In introducing the concept of quilts to CCS students, Chickadaunce talked a bit about their history and cultural significance. She also explained that throughout history, once quilt “tops”—the collection of uniquely decorated squares—were complete, community members would join together as one to stitch the all of the pieces—top, filler, and bottom—together. “In that way, everyone in the community helped make something that would keep one child warm and safe.”

 

Taft students will spend time over the next few weeks assembling the individual squares to create finished paper quilts for each CCS classroom. On December 11, those quilts will be on display in Taft’s Mark W. Potter ’48 Gallery. CCS students, board members, parents, and other community partners will be invited to a reception celebrating the partnership and project.

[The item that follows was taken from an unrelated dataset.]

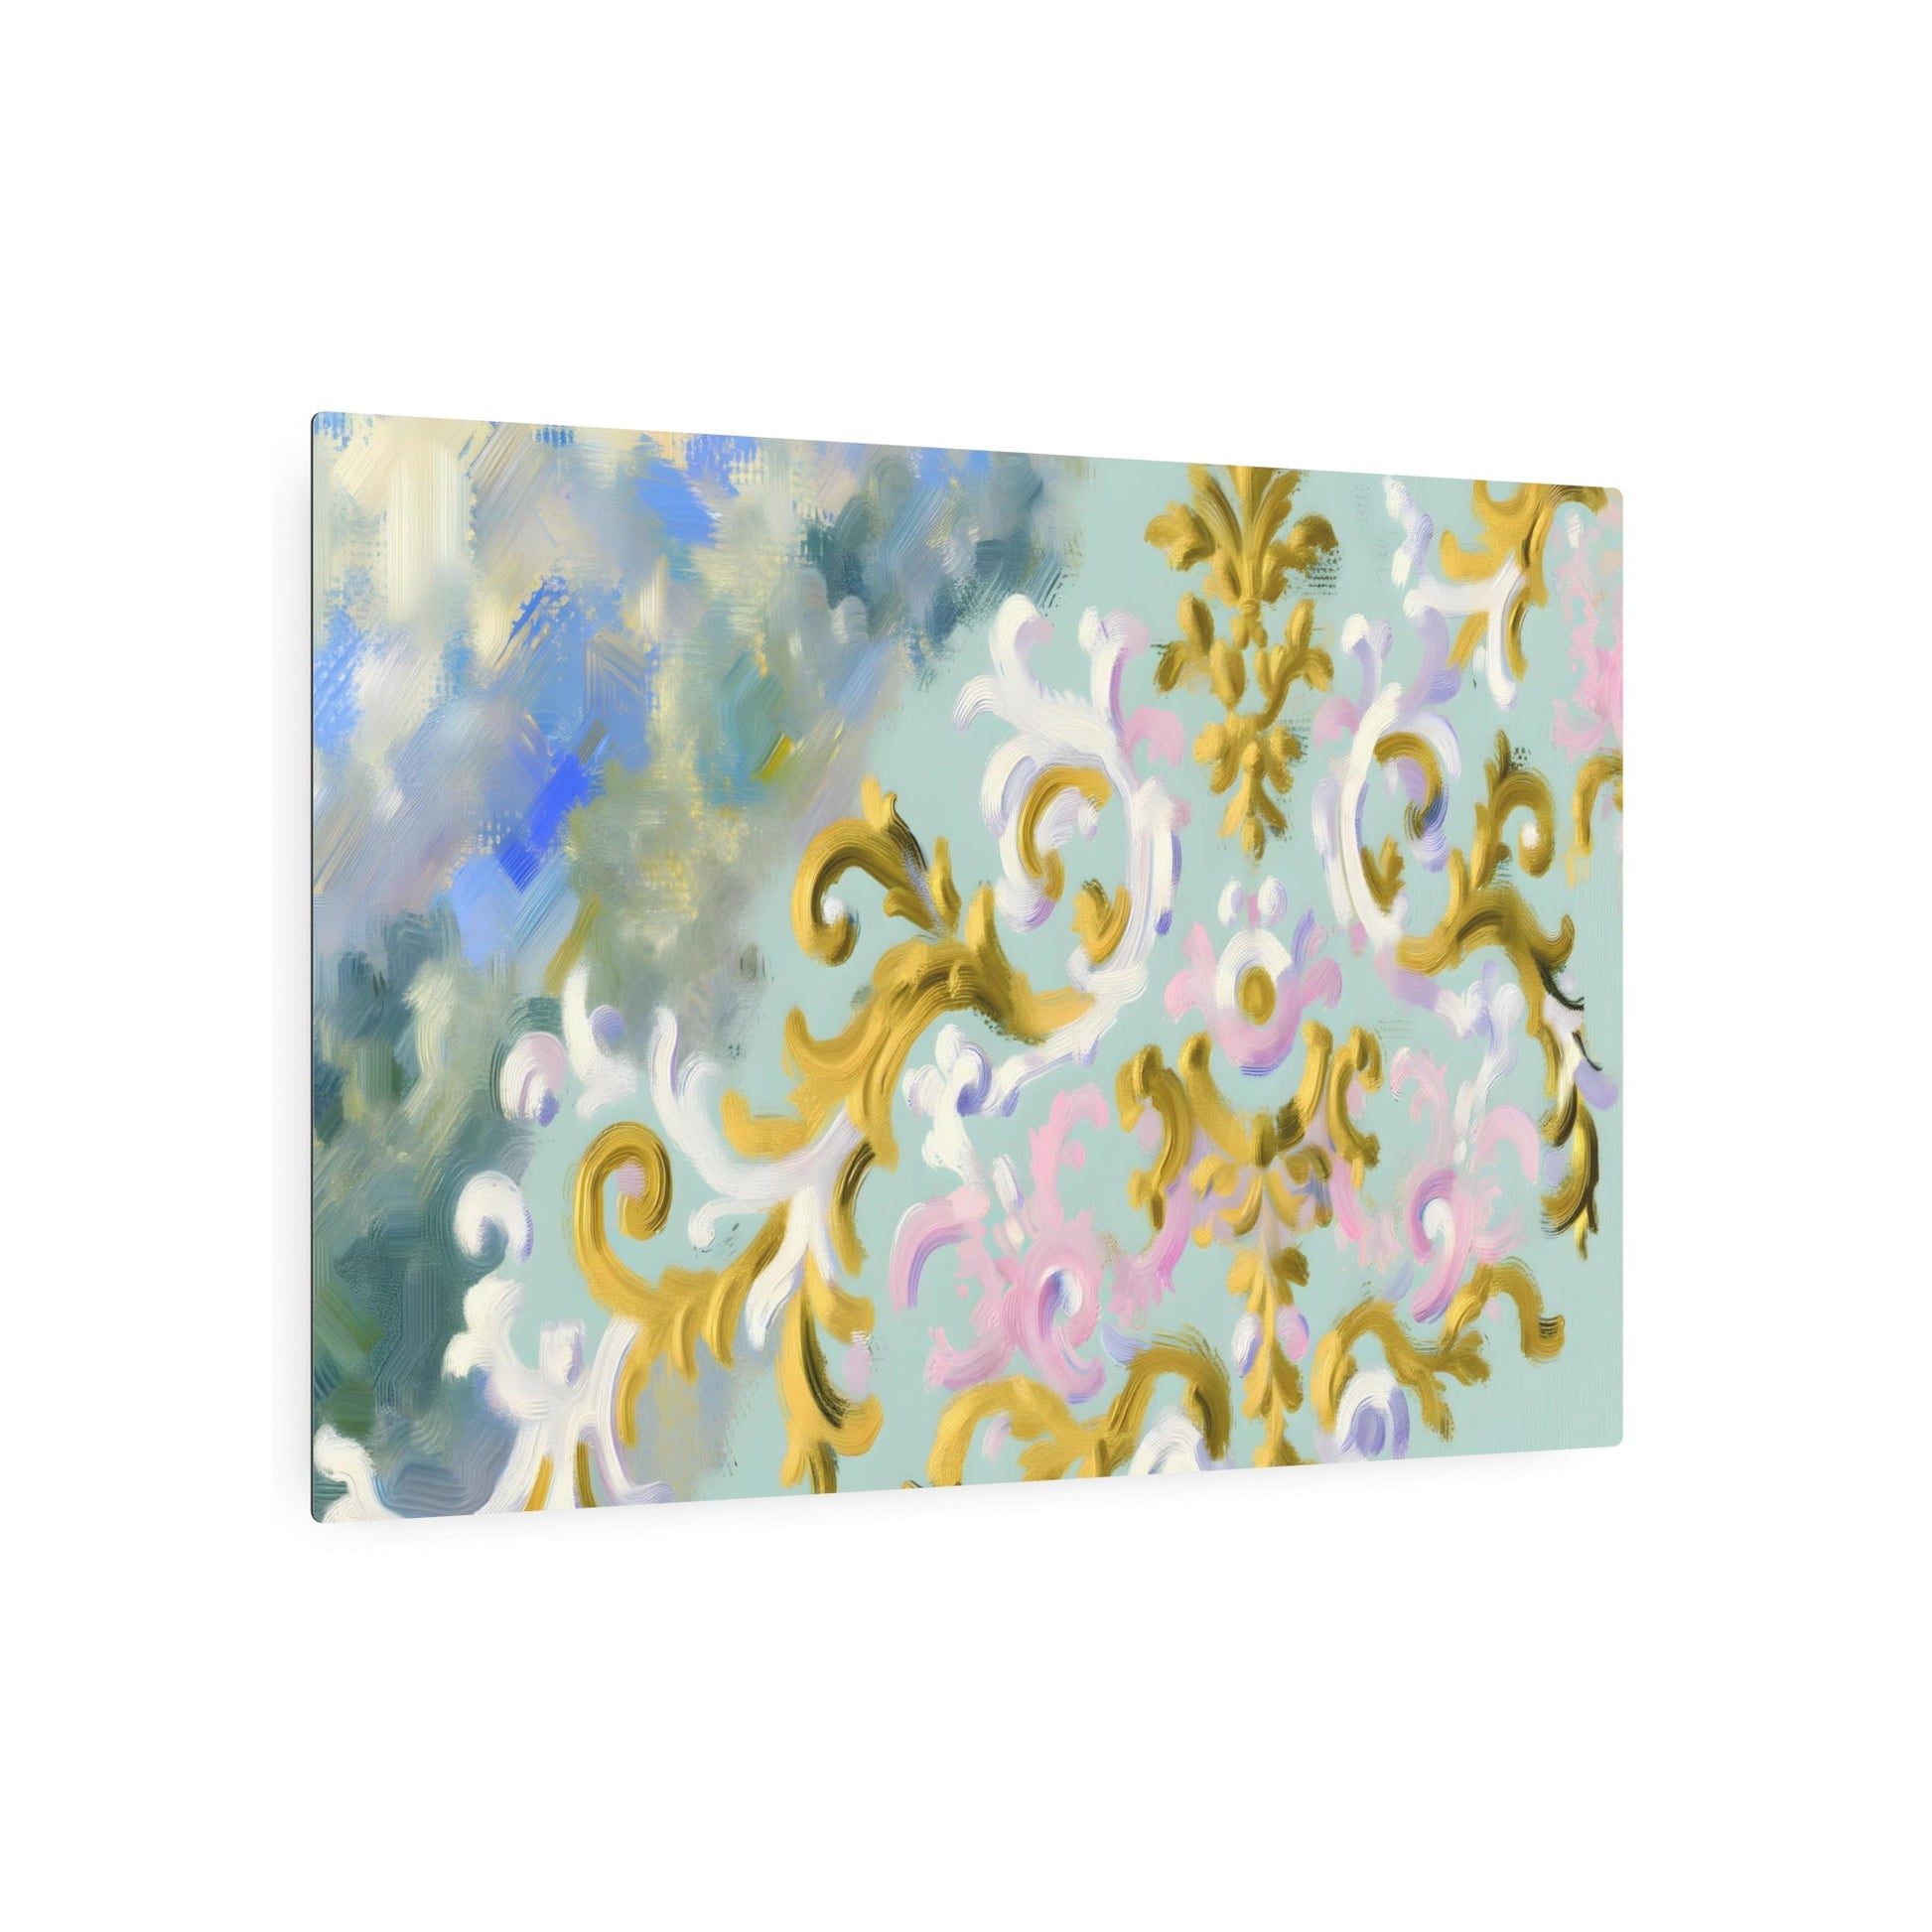 Metal Poster Art | "Rococo Inspired Artwork Featuring Pastel Colors & Gold Accents - Western Art Styles Collection, Evoking the Elegance of François B - Metal Poster Art 36″ x 24″ (Horizontal) 0.12''

The quilts will be returned to CCS after the show, to be hung in each classroom at the school.

 

“The CCS kids were really excited by the fact that their work was going to be on display at a ‘big kids’ school, and that they were going to be able to visit Taft,” notes Gaby Gura ’17. “I don't think they have had the opportunity to express their artistic side to such an extent as they will at the art show in December—I think they were fascinated by the idea.”

 

And the excitement  and energy extend beyond the CCS students.

 

“I am most excited about this project because it gave us an opportunity to bridge art and service at Taft and in the community,” says Lee. “And what quilts represent—diversity or a coming together of unique, individual parts to form a wonderfully blended and special whole—speaks so beautifully to our partnership with Children’s Community School.”